Although we can’t be sure of the motive behind these posts, the accounts that share them have characteristics that align with those described in a peer-reviewed paper from the Harvard Kennedy School Shorenstein Center on Media, Politics, and Public Policy. In it, authors Renée DiResta and Josh A. Goldstein found that profit-motivated Facebook page owners used AI-generated images to boost engagement and traffic on the ad-supported external sites they link to.
As with the Musk pages, many pages the Harvard researchers studied suddenly changed their names and/or page subjects, or they were stolen or repurposed. Posts directed users to websites the researchers described as "heavily ad-laden content farm domains — some of which themselves appeared to consist of primarily AI-composed text."
The researchers wrote that during their work, they began encountering more AI-generated images in their personal feeds, even though they did not follow or engage with the pages posting that content. That led them to conclude that Facebook’s algorithm could be to blame.
"The Facebook Feed at times recommends unlabeled AI-generated images to users who do not explicitly follow the Page posting the content," DiResta and Goldstein wrote. "We suspect these high levels of engagement are partially driven by the Facebook recommendation algorithm."
According to their report, Meta told the researchers that it looked into the sites they had reviewed and "demoted the clickbait sites under our Content Distribution Guidelines." Facebook defines clickbait links as posts that "lure people into clicking on an included link by creating misleading expectations about the post or article’s content."

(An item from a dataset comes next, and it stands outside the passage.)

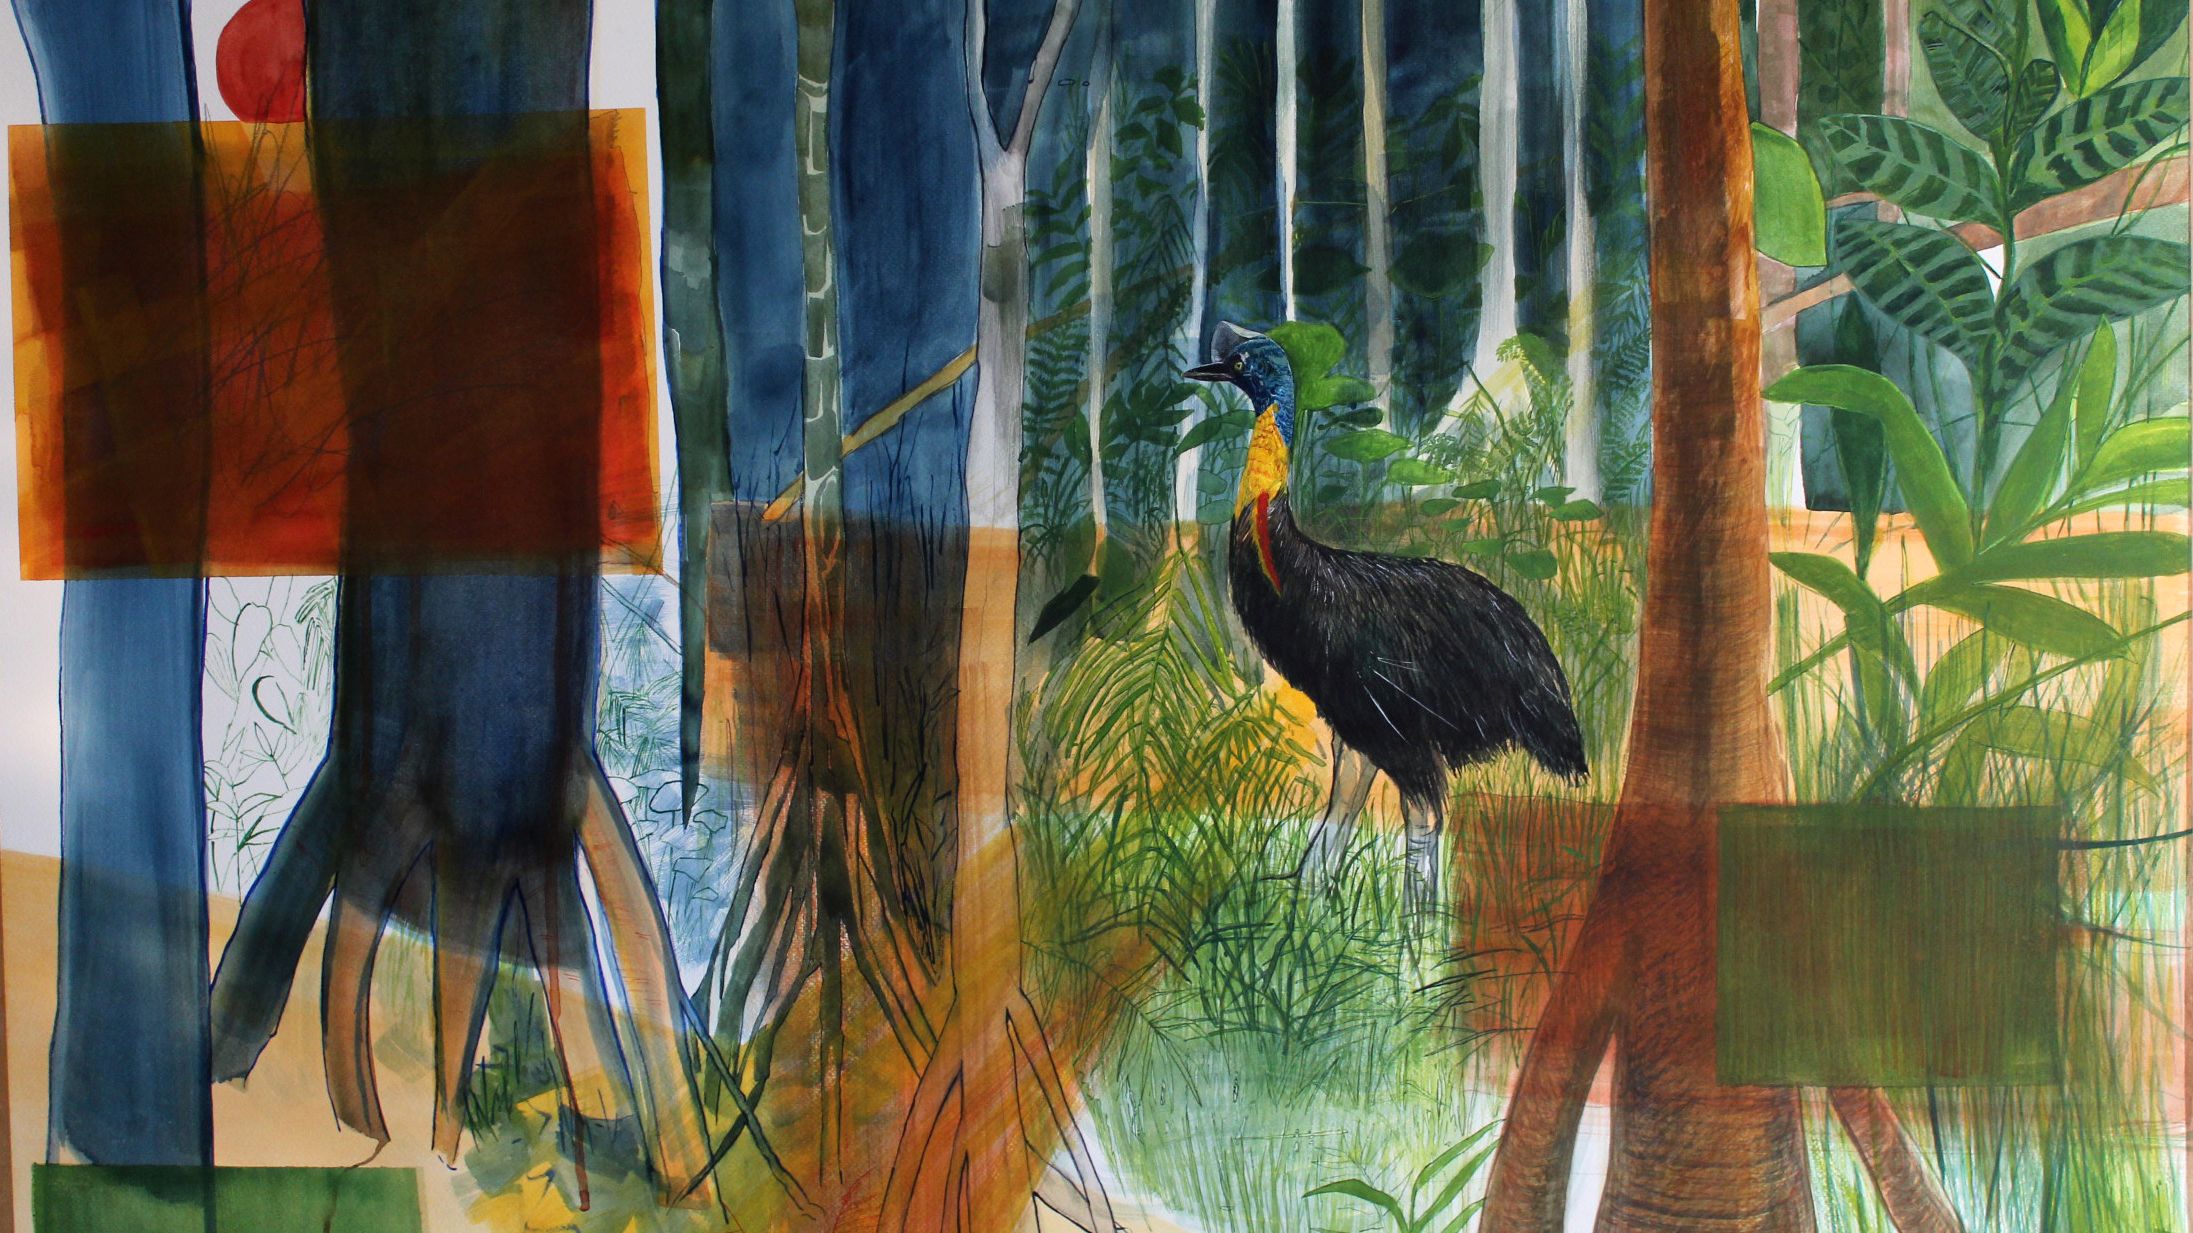 Colourful painting of a cassowary bird amongst trees

404 Media, a digital media company, noted that one Indian YouTube vlogger appeared to identify this strategy as a way for content generators outside of the U.S. to grow "USA Channels."
Since the election, "Beautiful Mansions," "Earth Guardian," "Easy Eats and Tips" and "The Jet Fighter" have continued to post claims about Musk.

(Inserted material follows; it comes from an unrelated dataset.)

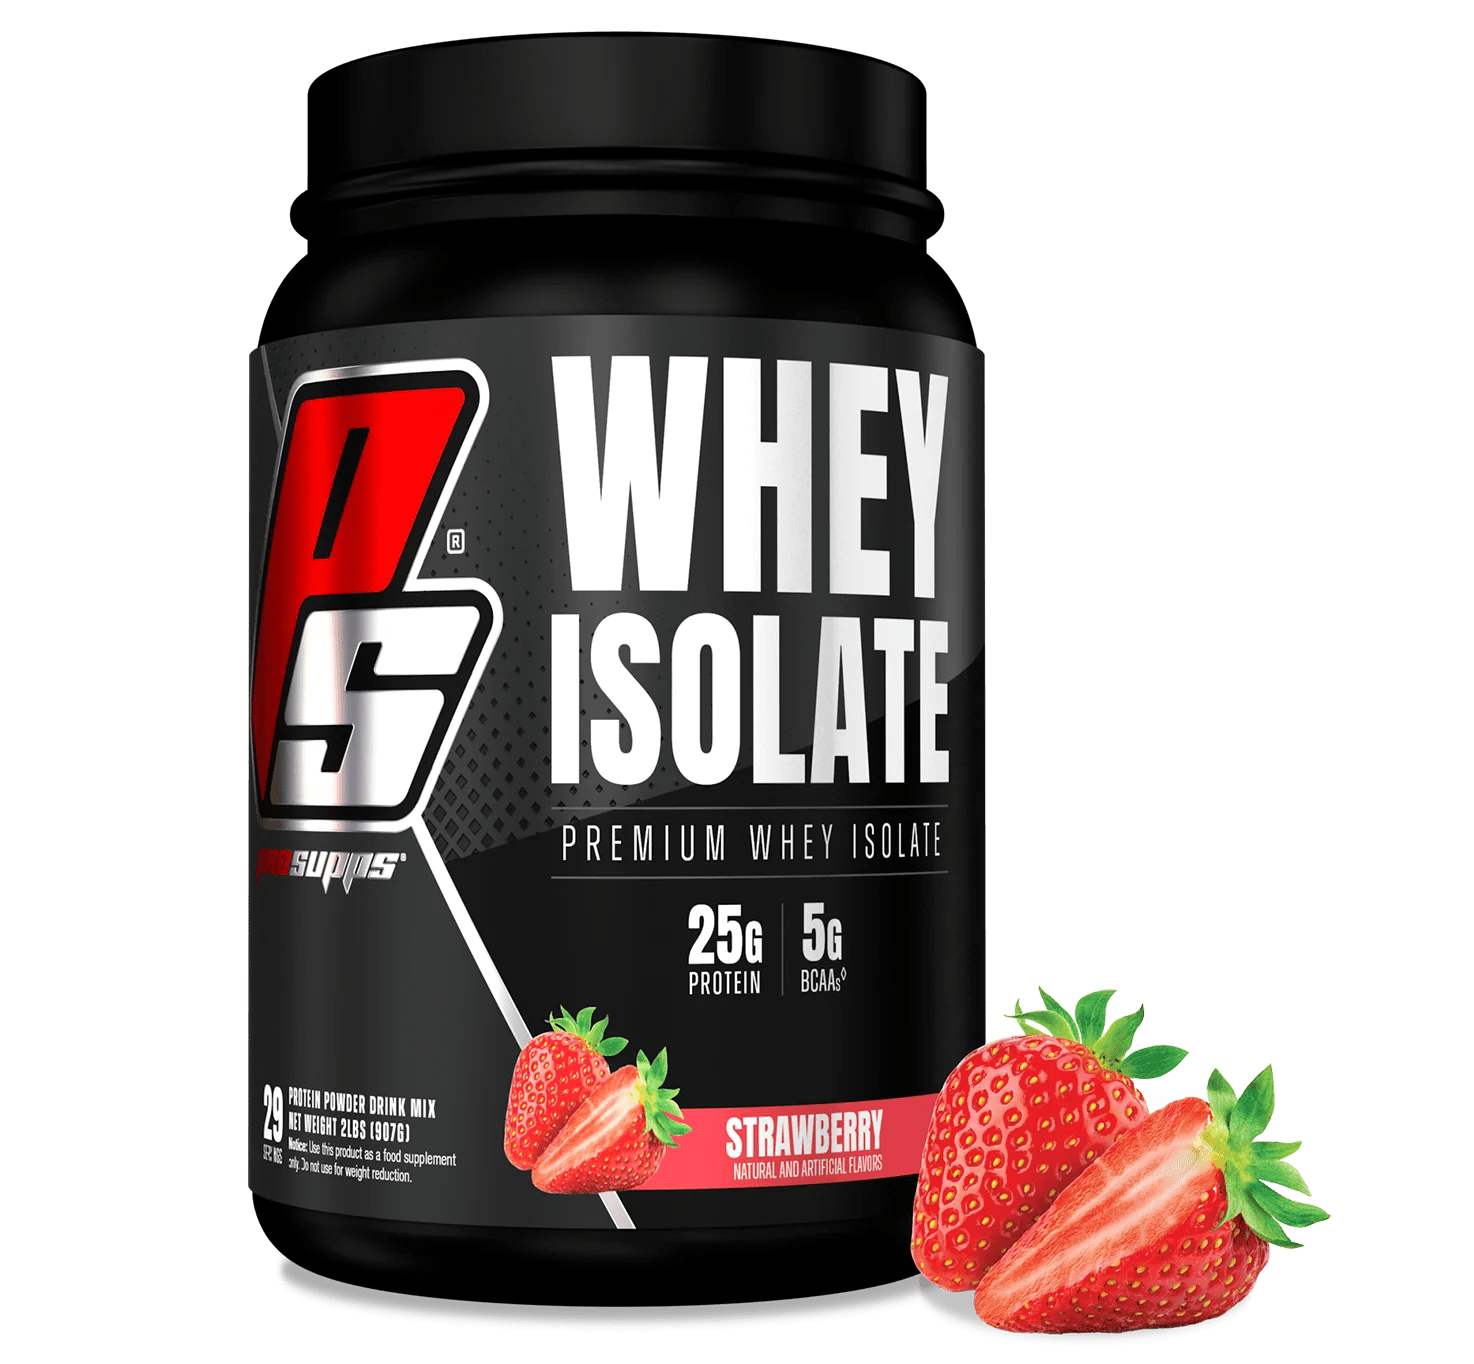 Prosupps Whey Isolate 2lb - Hypa Christchurch - Prosupps

One Nov. 13 post by "The Jet Fighter" said, "Elon Musk declared SR-72 Darkstar is finally ready to fly." The aircraft would supposedly "revolutionize aerial warfare and global surveillance." SR-72 is an aircraft that was being developed by Lockheed Martin as of 2016; Darkstar was a fictional aircraft with real capabilities built for the movie "Top Gun: Maverick."
Musk has no recorded connection to such an aircraft. Nevertheless, one comment said, "This guy doesn't mess around. No wonder Trump put him to work. How can we lose?"